The Man Who Didn't Fly
- First edition (UK)
- Author: Margot Bennett
- Cover artist: Val Biro
- Language: English
- Genre: Thriller
- Published: 1955
- Publisher: Eyre & Spottiswoode
- Publication place: United Kingdom
- Media type: Print
- Pages: 190
- ISBN: 074 5186246

= The Man Who Didn't Fly =

1955 novel

The Man Who Didn't Fly is a detective novel by the Scottish author Margot Bennett. It was published originally in 1955. It was shortlisted for the Gold Dagger award for crime-writing that year.

==Premise==
A private plane crashes, killing the pilot and all of its passengers. Yet, whilst investigating, the police discover that four passengers should have been on the plane but only three boarded.
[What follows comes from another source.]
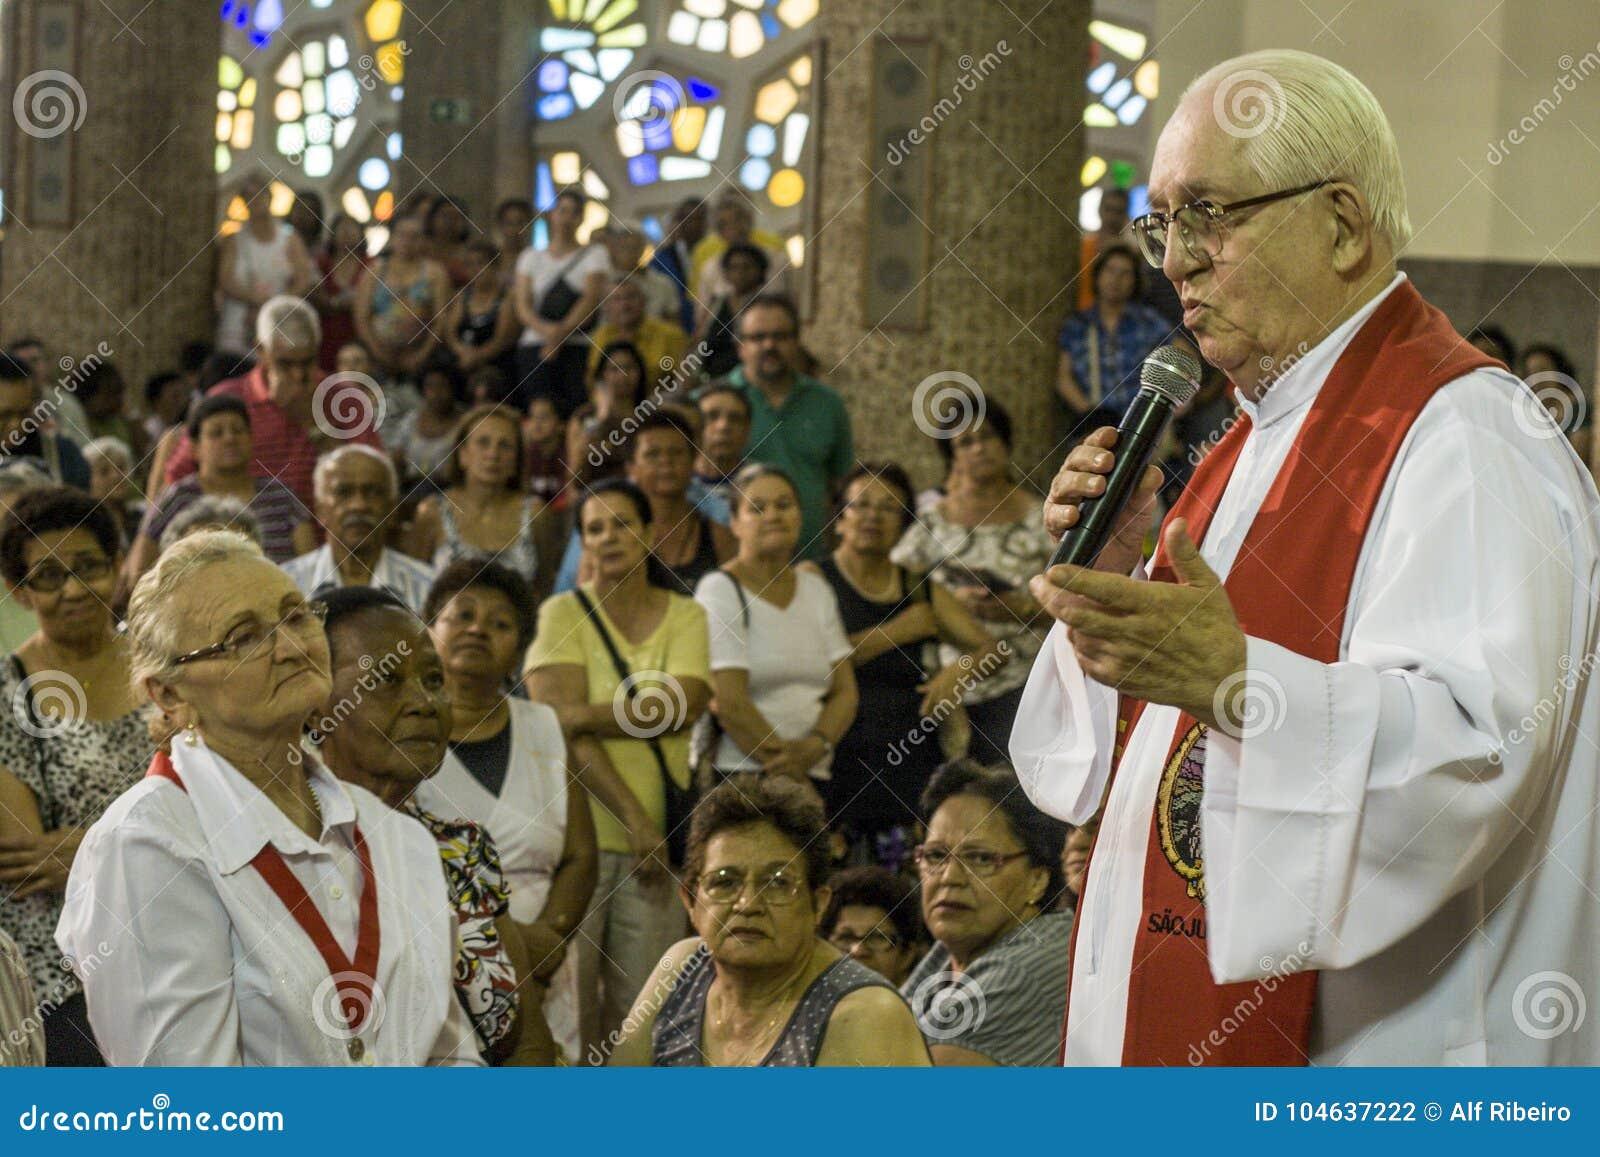 Download Katholieke Massa Ter Ere Van St Jude Day Redactionele Fotografie - Afbeelding bestaande uit bouw, christus: 104637222

Which of the four men who had booked on the flight didn't fly, and what has happened to him?

==TV Adaptation==
Writer Jerome Coopersmith adapted the novel as an hour-long Kraft Theatre episode in 1958. The episode (whose principal cast included Jonathan Harris, a young William Shatner, and future director Paul Mazursky) aired at 9pm on Wednesday 16 July.

==Availability==
The novel was reissued in 2020 (ISBN 0712353410).